Largely because it is misunderstood and poorly explained, people may still well remain opposed to the mandate. However, a referendum on Obamacare will not just be a referendum on the individual mandate. It will be one on whether health reform has improved the lives of millions of Americans. The question will not be whether they want the individual mandate. It will be whether they want to keep the protections of the ACA: ensuring insurance companies cannot drop you when you get sick, that they cannot reject you because you are sick, that they must allow parents to keep their young adult children on their plans.
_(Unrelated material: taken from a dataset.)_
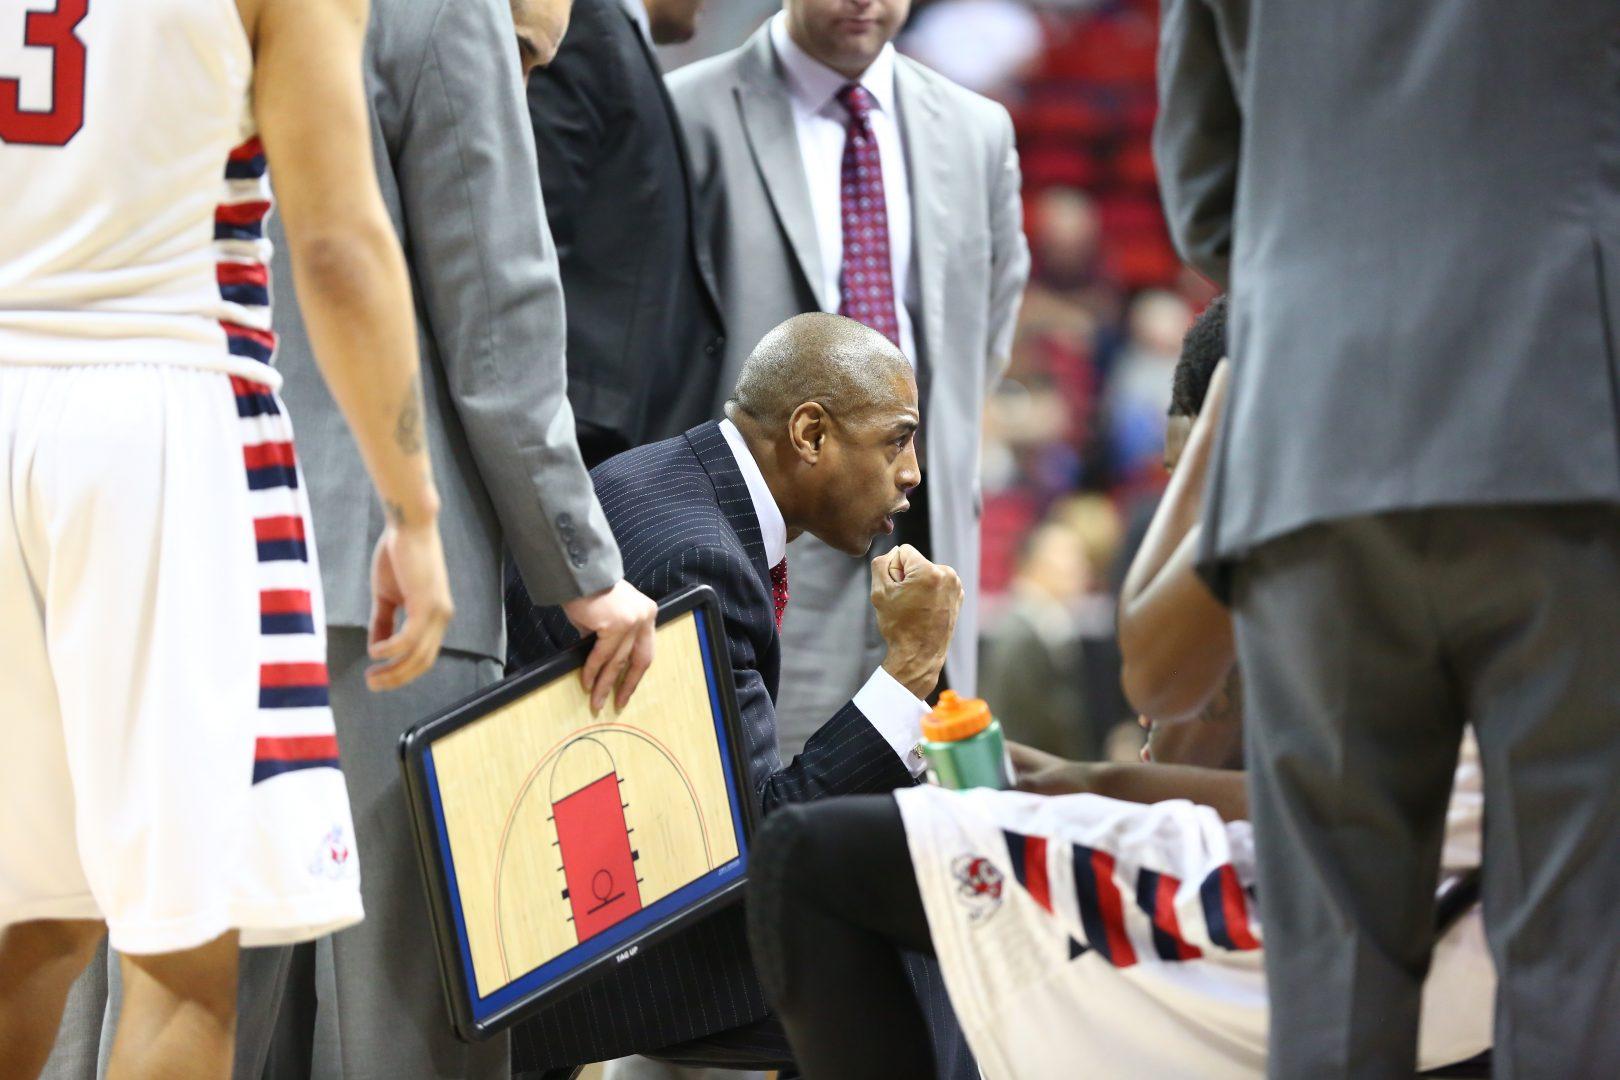 Fresno+State+head+coach+Rodney+Terry+instructs+his+team+during+a+timeout+in+the+Bulldogs+61-59+victory+over+Air+Force+Wednesday+night.+Photo+by+Khlarissa+Agee%2FThe+Collegian

The question will be whether the word-of-mouth stories millions of newly insured - both through Medicaid and private plans in the exchanges - and millions more who are finally able to use their plans, will overwhelm the media narrative of the individual mandate in the vacuum. The question will be whether those fighting to protect their real benefits will overwhelm those fighting to deny those benefits. I have no doubt that it will. While he is at it, Gov. Dean should probably also disabuse himself of the notion that Republicans would suddenly leave the ACA alone if it didn't have the individual mandate in it. Health reform will not turn on the political point-scoring of pundits but on the real differences it makes in millions of lives.

I have said it before and I will say it again: the path to Democratic victory in 2014 will not lie in running away from Obamacare but in wearing it as a badge of honor.

As for Howard Dean, in whom I have been thoroughly disappointed, I will just say this, as someone who was royally screwed by a destructive media meme (as they played the "Dean scream" out of context over and over), he should know better than to become part of another one.